_REQUIRED ACTION_:
Nothing but the pictures should be dropped; repeat the rest of the data below exactly.

_DATA BLOCK_:
--- START ---

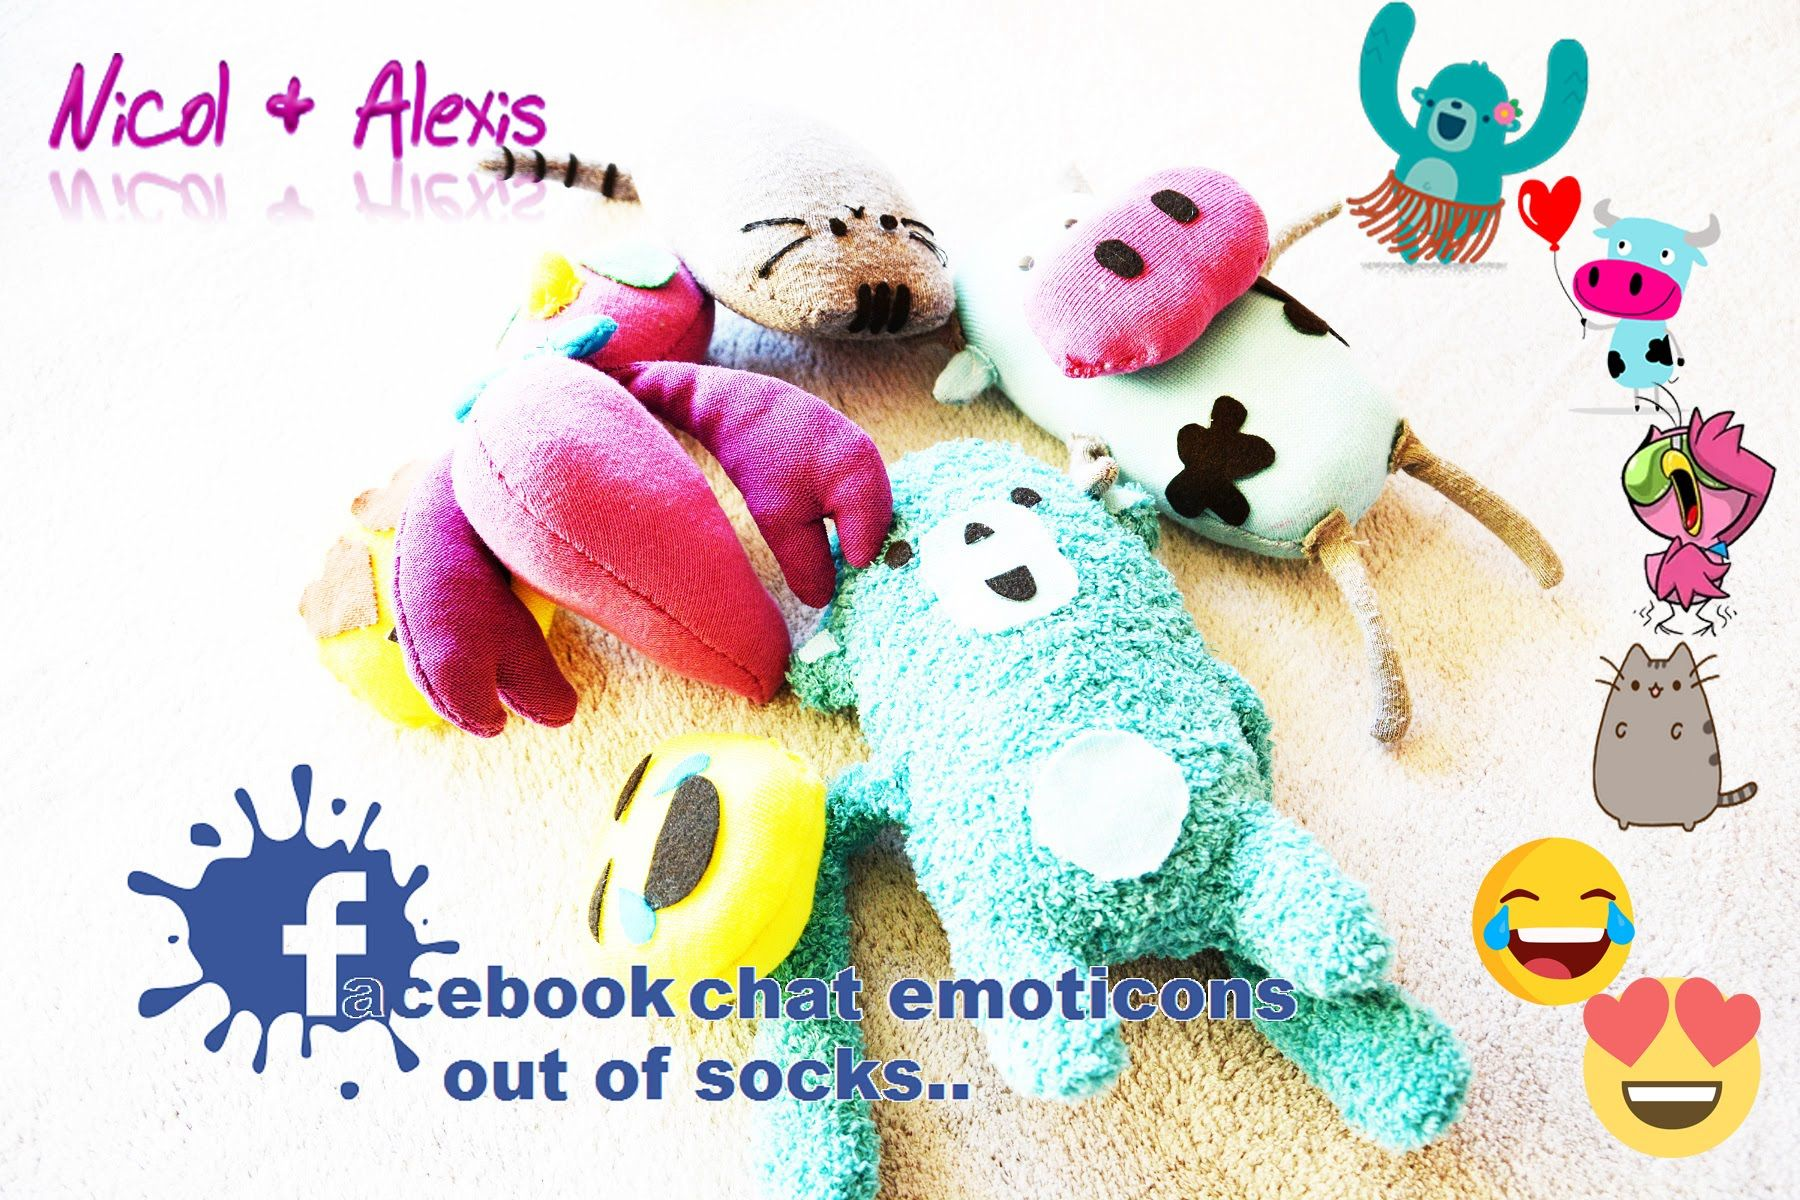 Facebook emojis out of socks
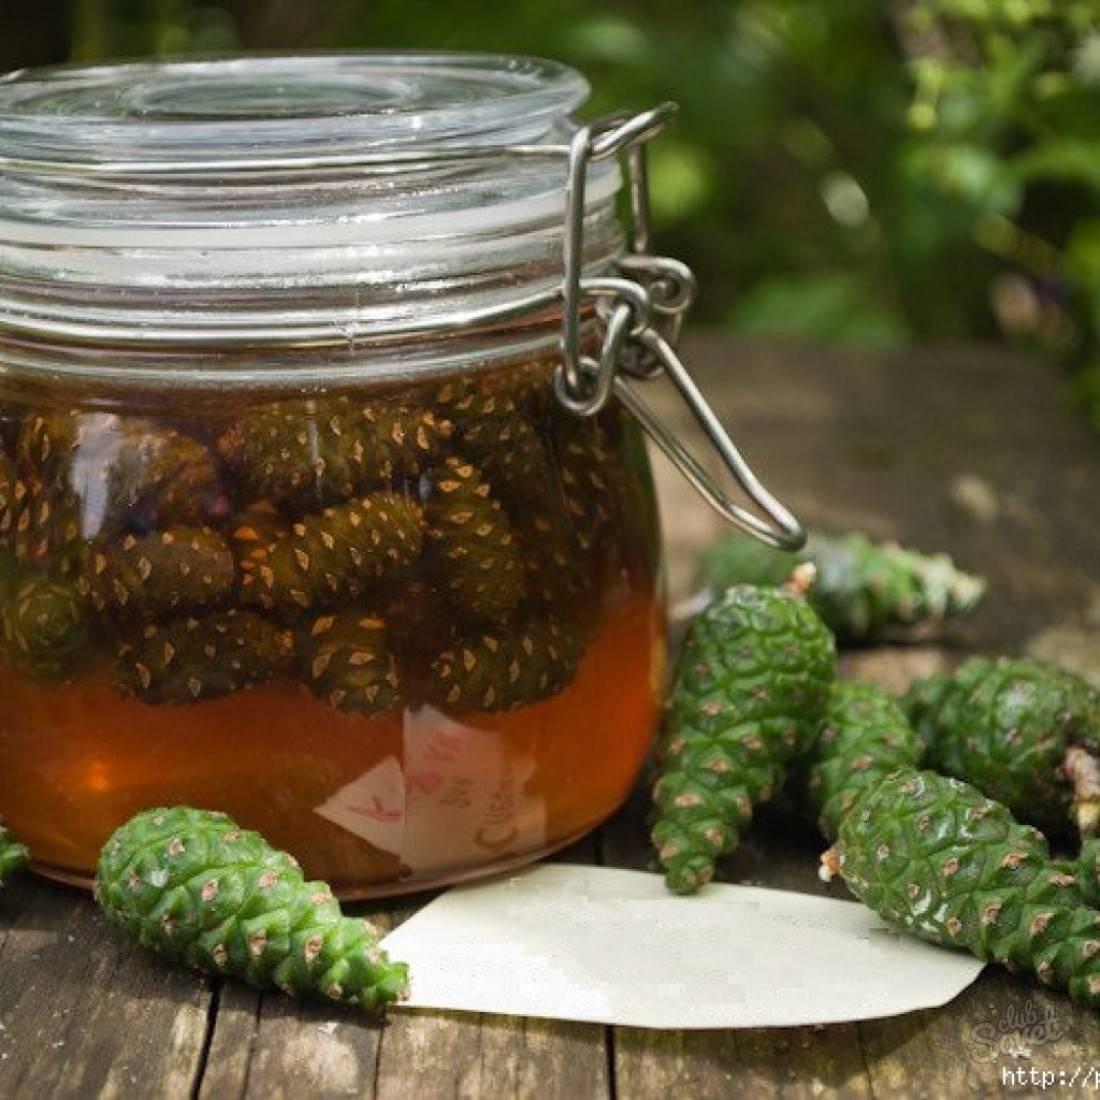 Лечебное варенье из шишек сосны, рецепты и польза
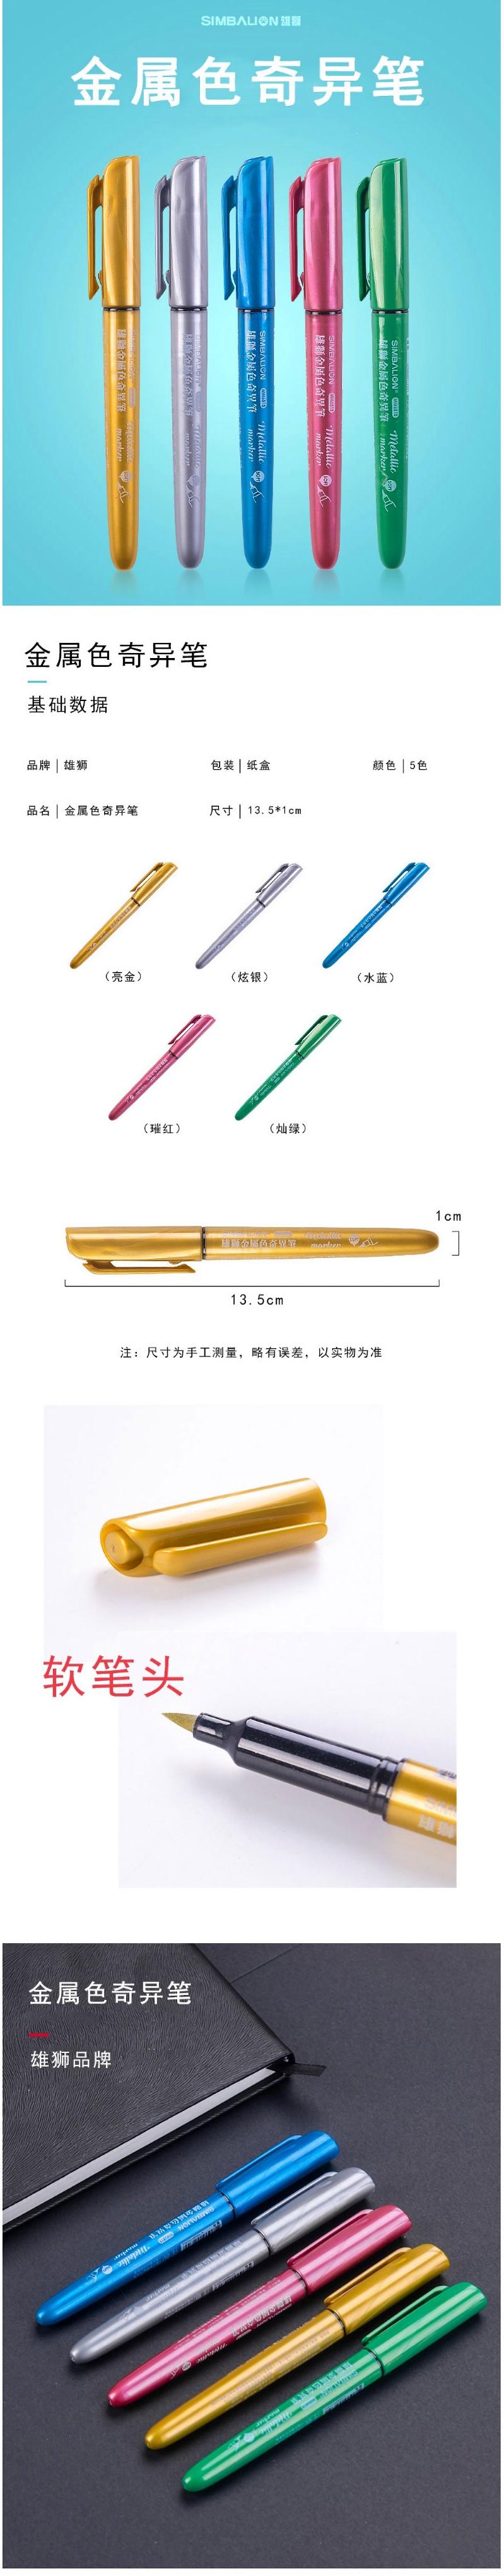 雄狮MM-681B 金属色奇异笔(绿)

--- END ---

_SOLUTION BELOW_:
 Facebook emojis out of socks
 Лечебное варенье из шишек сосны, рецепты и польза
 雄狮MM-681B 金属色奇异笔(绿)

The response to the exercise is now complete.